Covid-19 isn’t even the first infectious disease to ravage prisons: The rate of HIV among prisoners is five to seven times higher than that of the general population; the rate of hepatitis C among prisoners is fourteen times higher. Perhaps it’s the scale of Covid-19, or the suddenness of its arrival, or the risk it poses to corrections staff, that distinguishes it from other diseases that have endangered so many of my clients without engendering the same kind of response.
Right before my husband, son, and I got on the road, while my toddler was stalling by pretending to change all of his stuffed animals’ diapers, I got a push alert: the president was considering imposing a mandatory quarantine on the entire tristate area. However rational and doctor-approved our plan to leave New York, it all felt ominous, as if I were in an early part of a dystopian film—the part where the characters think things can’t get much worse, before things start to get much worse. The rain was pounding by then, which didn’t help. My son, still applying imaginary diaper cream to a toy octopus, didn’t ask what was wrong, but he didn’t object when I picked him up and rushed him into the car.
The governor of Rhode Island had just announced that any car with New York license plates would be stopped by the National Guard. And even though all they could do was take our contact information and remind us to stay home for two weeks upon arrival, getting pulled over by officers in fatigues that said “Military Police” only heightened the ominous mood. As a lawyer, though, I know that there are checks on the government’s ability to control our actions and movements—checks that do not constrain authorities’ power in prisons and jails.

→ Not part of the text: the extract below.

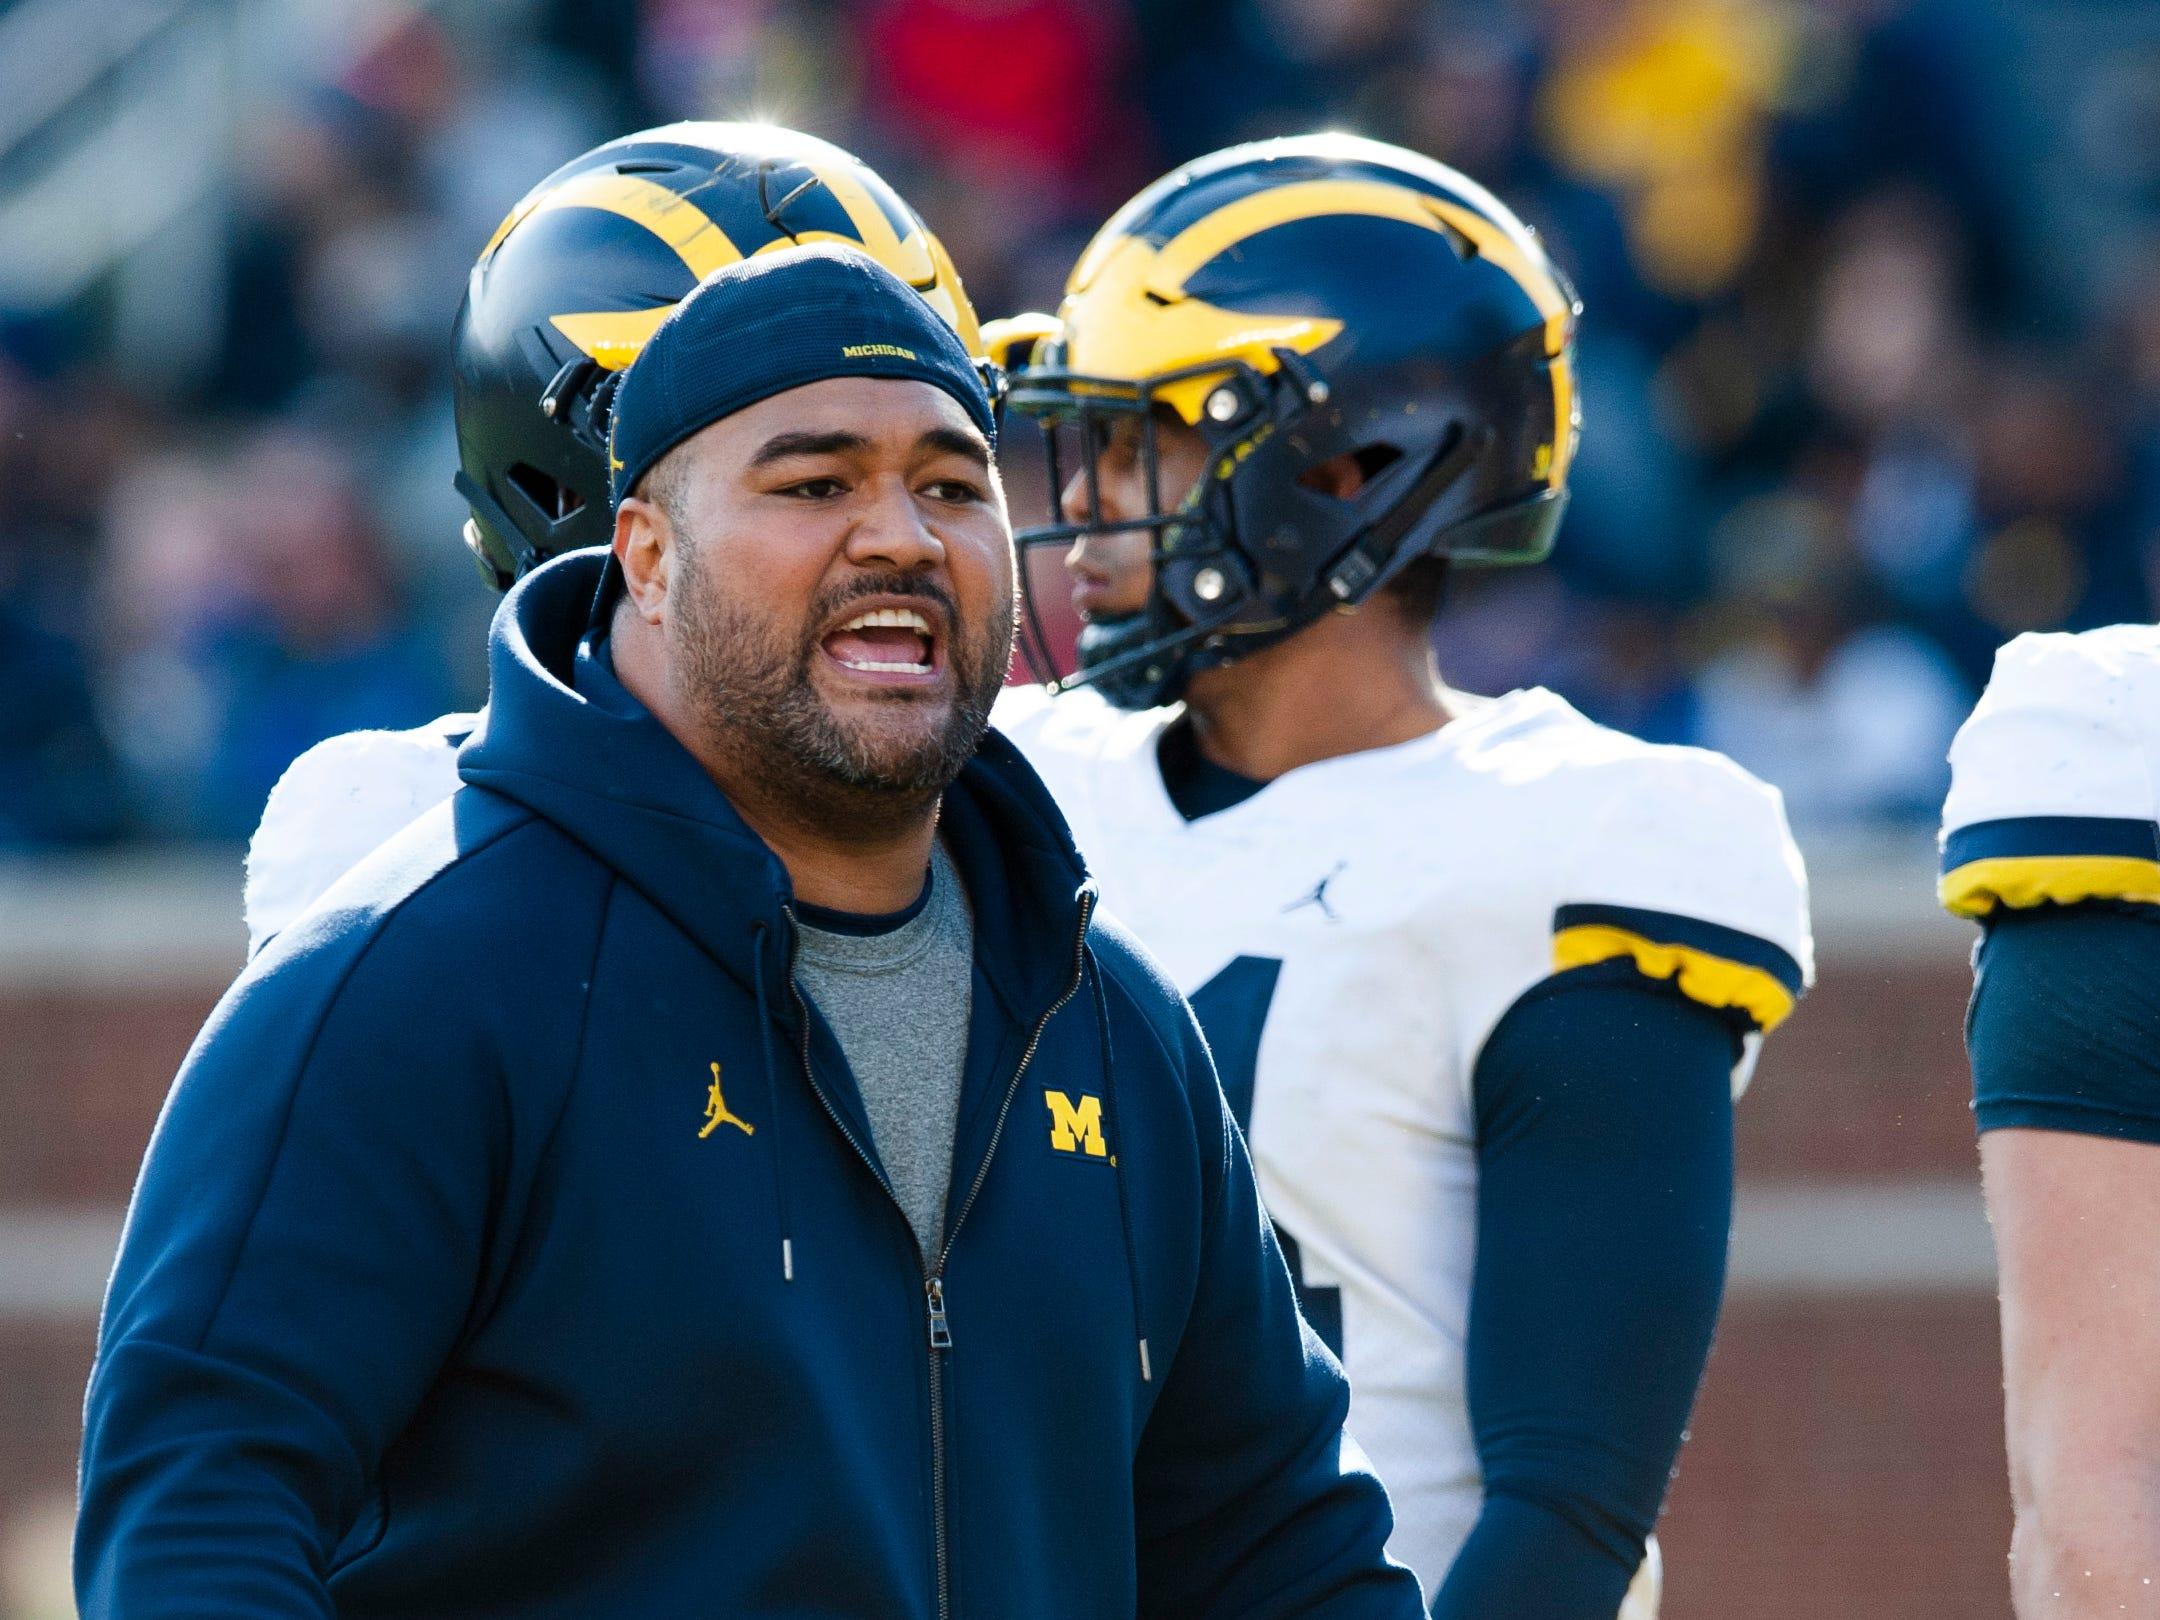 New Michigan defensive line coach Shaun Nua yells at the players.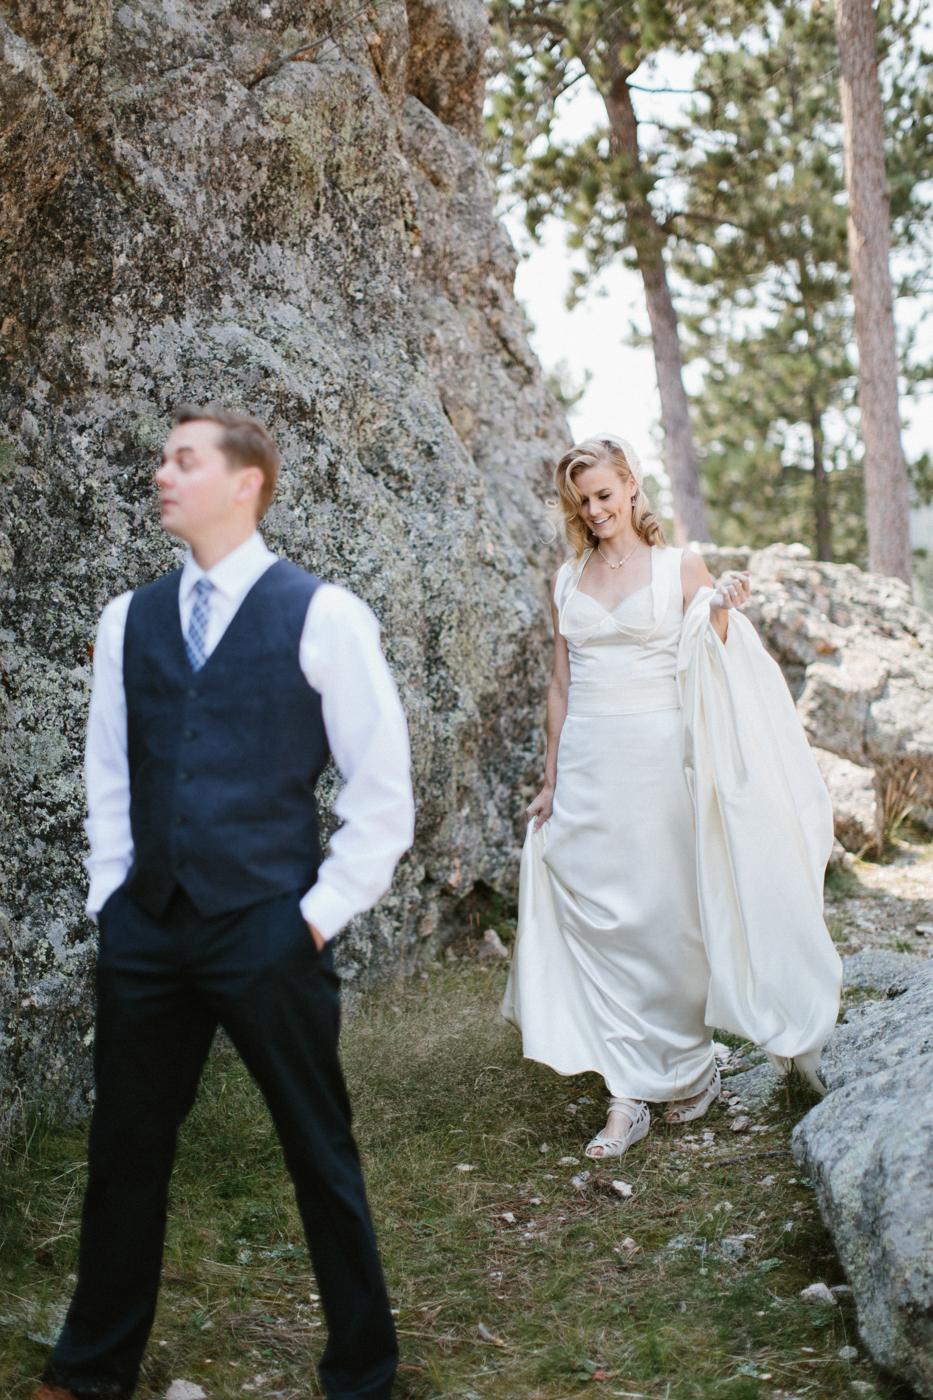 SouthDakota-Iowa-Destination-Wedding-Photographer_023.jpg

Today, I’m a few days away from birth, nesting with my family, far from our home in the epicenter of the virus. We stay inside, we continually scrub every surface we encounter, and we wait. Someday, the virus will recede. I can only hope that, when it does, so too will the kneejerk “no” that corrections staff dole out when they don’t want to think about how to protect the people in their facilities. In my more hopeful moments, I imagine that soon, a worried mom calls a jail hoping to keep her son safe, and what she hears is something else. Instead, I hope the guard on the other end of the line pauses, thinks for a moment, and says, “I hear you. Let me see what I can do for your son.”